Daby writes his own material, and is a virtual one-man band, layering up all of his own guitar, bass and percussion parts. His voice is wide-ranging.Its bass parts trimmed with a variety of subtle mixing desk effects, the higher tones left free to float with a pure and clear natural sound. Toure's basslines are the beating heart of each song, flanked by detailed percussion, with delicate acoustic guitar taking care of the crucial verse frameworks.
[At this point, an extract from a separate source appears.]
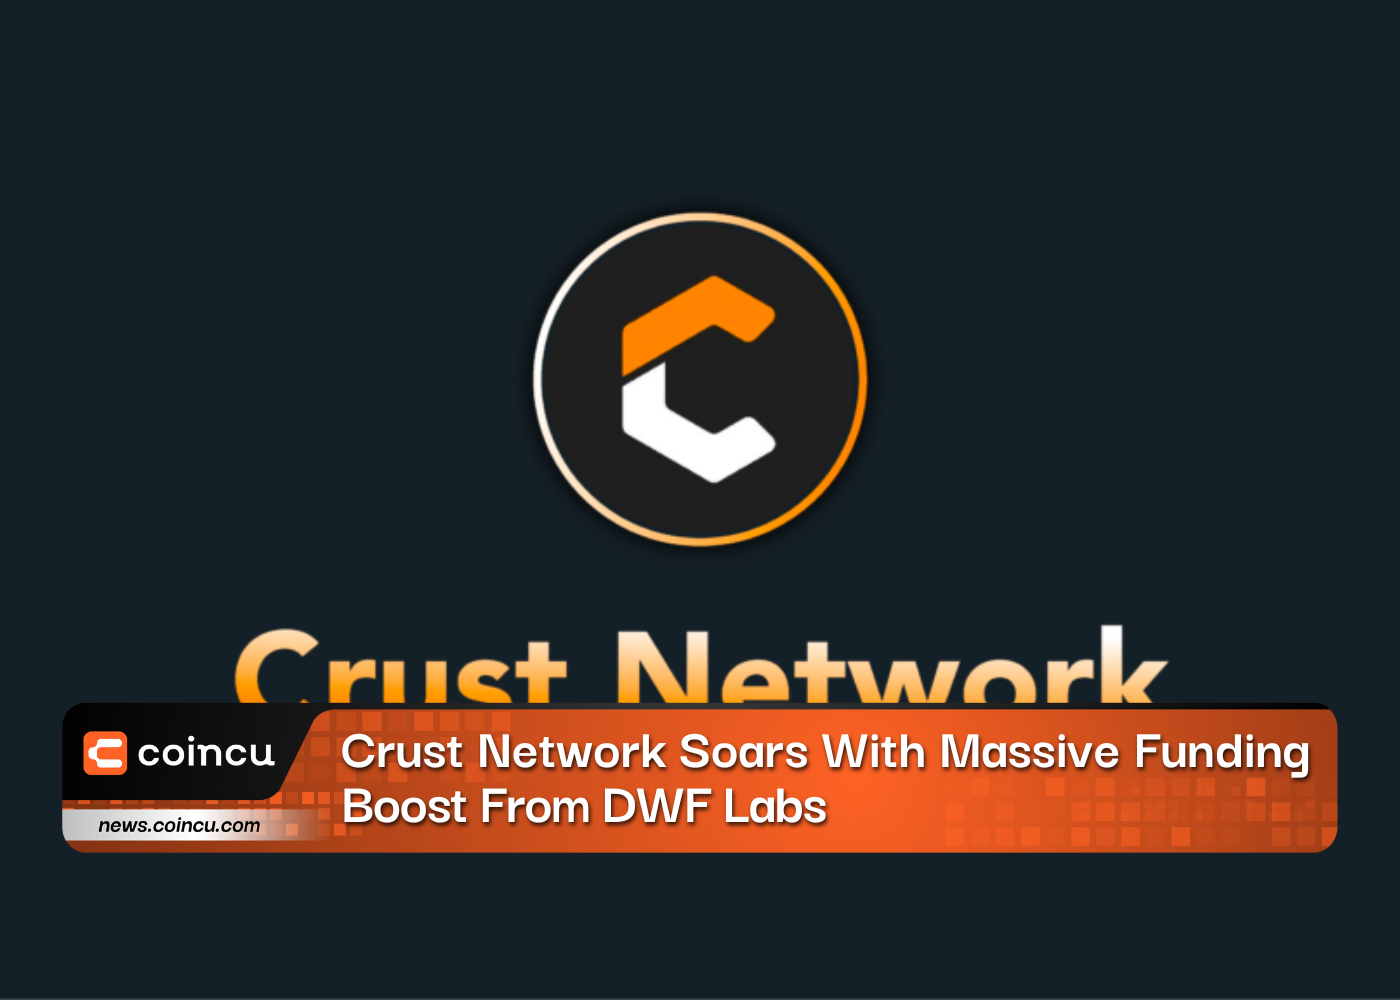 Crust Network Soars With Massive Funding Boost From DWF Labs

Most of the Mauritanian music heard in the UK is of the hardcore desert variety, best exemplified by the throaty singing style of Dimi Mint Abba. Toure's music has passed through a Parisian studio filter. His co-producer and keyboardist is Cyrille Dufay, whose contributions are always tastefully shaded. A song like "Yaw" will include sampled loops and echo-percussion, but these trimmings don't interfere with the illusion of acoustic space. Toure repeatedly aims for a mesmerising mood, which can sometimes relax into blandness. "Bary" has a Malian feel, particularly with its sawing electric cello lines, whilst "Dendecuba" boasts one of the album's strongest melodies. "Hammadi" and "Fabe" are infused with a great sadness, as Daby's voice takes on a raw aspect for the latter tune, set against a trailing melodica line. This album's only drawback is a cumulative sense of sameness as the songs unfold.

Toure has already supported Peter Gabriel on the Still Growing Up tour, and also appeared on the main stage at WOMAD 2004 in Reading. His approach is perfect for global music crossover success, managing to retain its rootsy qualities at the same time as forging ahead with an individualist singer-songwriter pop-fusion.